Citrus County — Citrus County taxpayers may have been footing the bill for what Florida Chief Financial Officer Blaise Ingoglia describes as more than $39 million in excessive and wasteful government spending, according to findings released during his statewide Fiscal Accountability Tour.
Standing before local residents and elected officials in Lecanto, Ingoglia announced that a review of Citrus County’s finances found spending growth that far exceeded population growth over the past six years. According to the CFO’s office, the county’s General Fund budget increased by approximately 72.8 percent since fiscal year 2019-2020, while the county’s population grew by only about 10 percent during the same period.
The report estimates that more than $39 million in current spending could be considered excessive and potentially available for taxpayer relief. Ingoglia argued that local government officials have expanded spending at a pace that taxpayers can no longer afford.
According to the analysis, Citrus County’s budget increased by more than $76 million over six years. The CFO’s office calculated that the increase equates to roughly $5,000 in additional spending for every new resident who moved into the county during that period.
The report also found that Citrus County added 278 full-time government positions since 2019, but only 64 of those positions were classified as first responders. Critics of county spending have questioned whether staffing increases outside of public safety have delivered measurable benefits to residents.
Perhaps the most significant finding involved property taxes. The Florida Agency for Fiscal Oversight concluded that Citrus County could theoretically reduce its property tax millage rate by 2.23 mills while maintaining essential county services. According to the CFO’s office, homeowners with taxable property values of $400,000 could save approximately $894 annually under such a reduction.
The announcement has fueled debate over government spending and transparency in Citrus County. Supporters of the CFO’s findings argue that residents deserve relief from rising property tax burdens and greater scrutiny of government budgets. Others have questioned the methodology used in the analysis and whether the spending labeled as “wasteful” reflects legitimate growth in county services and infrastructure needs.

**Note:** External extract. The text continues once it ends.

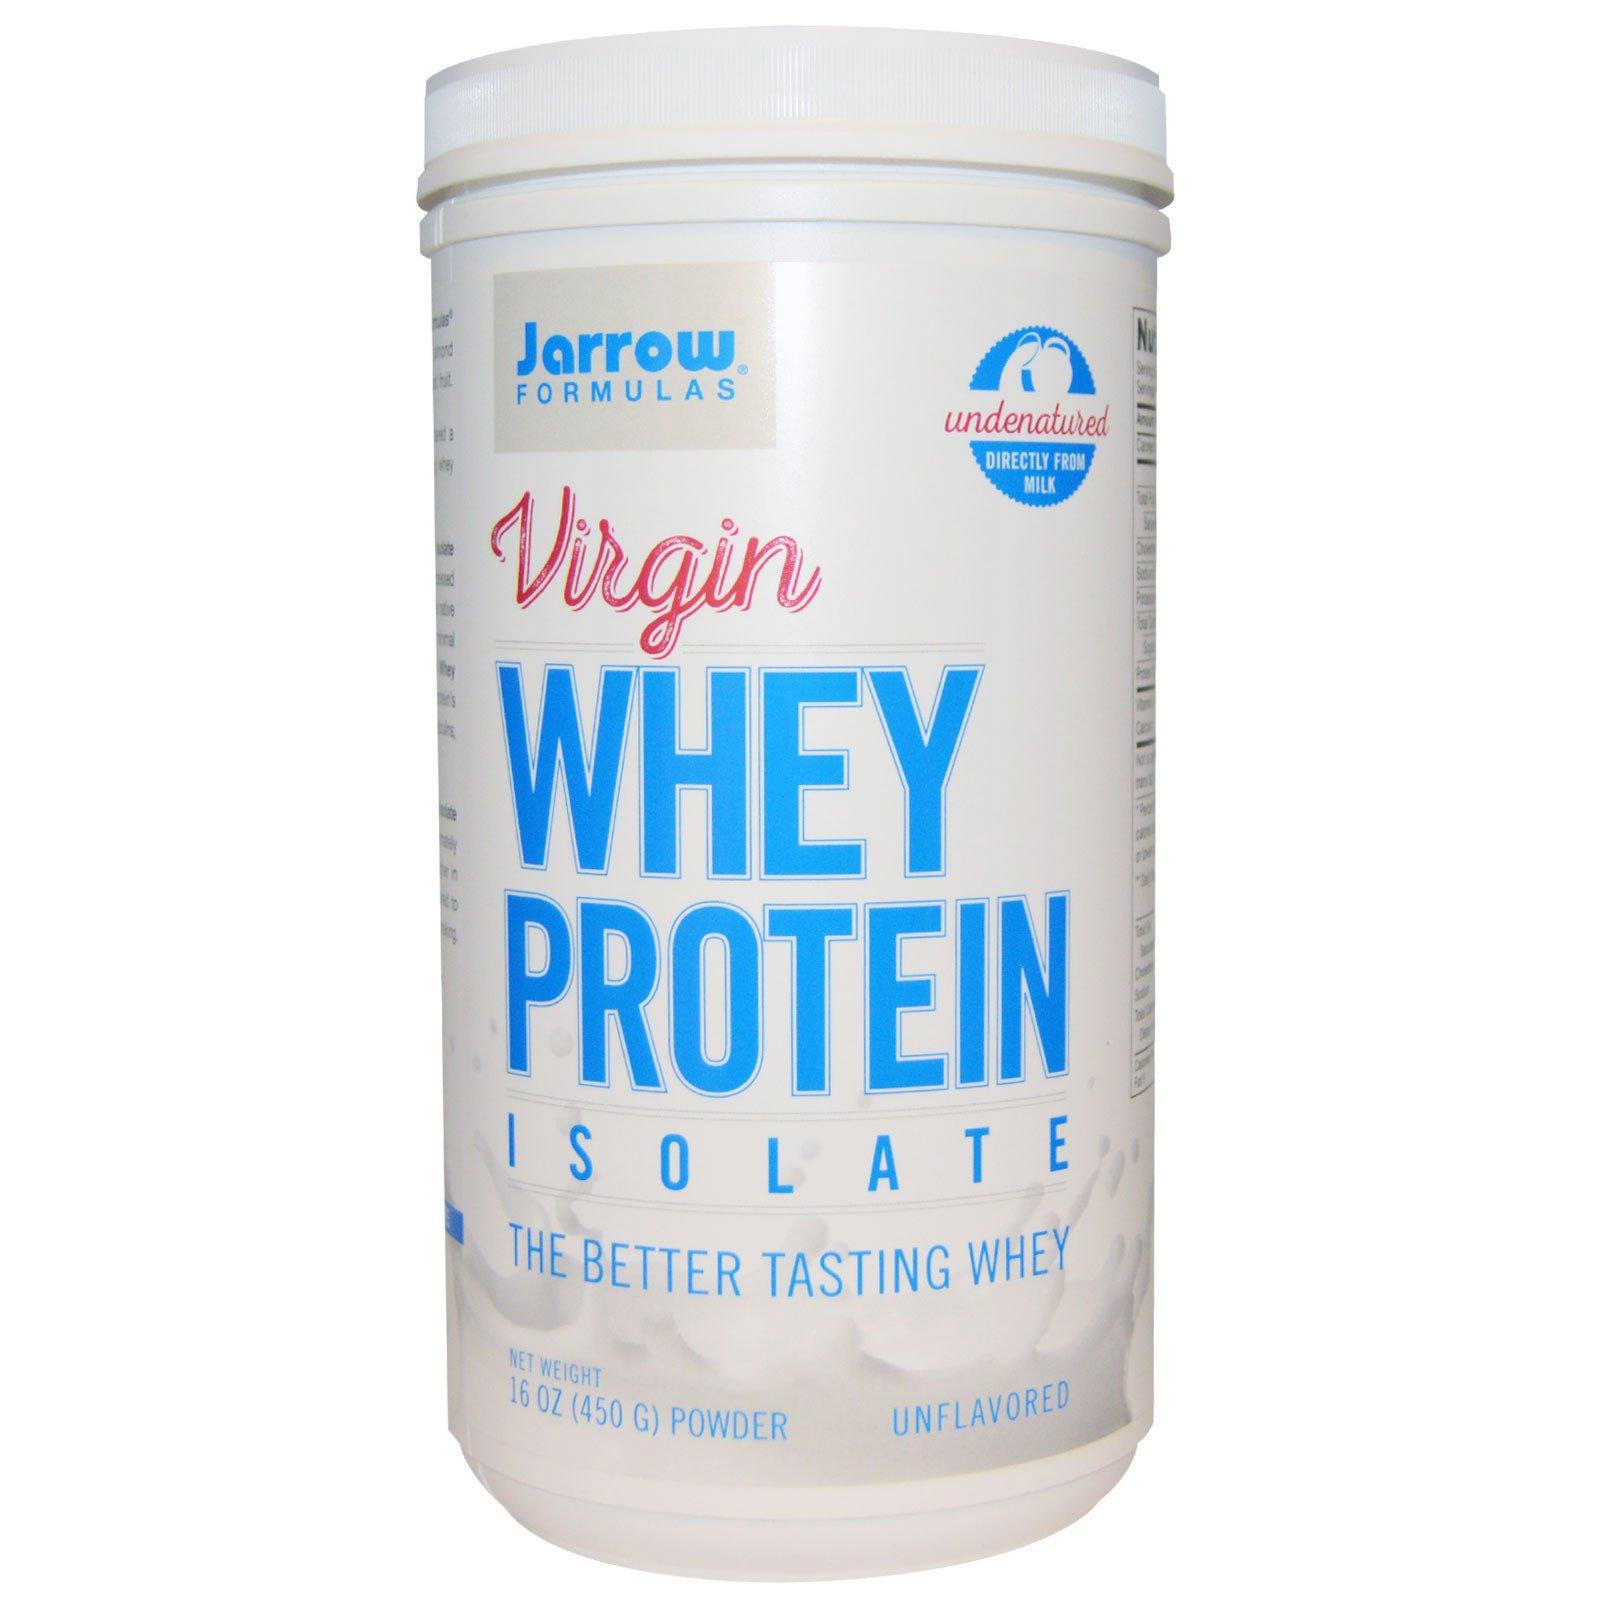 Jarrow Formulas, Virgin, изолят сывороточного протеина, порошок, без добавок, 16 унций (450 г)

Ingoglia stated that Citrus County is one of numerous Florida local governments identified during his statewide review of municipal and county budgets. He claims his office has now identified billions of dollars in spending he believes exceeds what is necessary to provide core government services.
As Citrus County officials prepare future budgets, taxpayers are likely to continue demanding answers about whether county government has grown too large and whether residents are receiving adequate value for the taxes they pay. The debate is expected to become a major issue during upcoming budget discussions and local elections.
For now, the CFO’s findings have placed a spotlight on county spending and reignited calls for greater fiscal accountability, transparency, and property tax relief in Citrus County.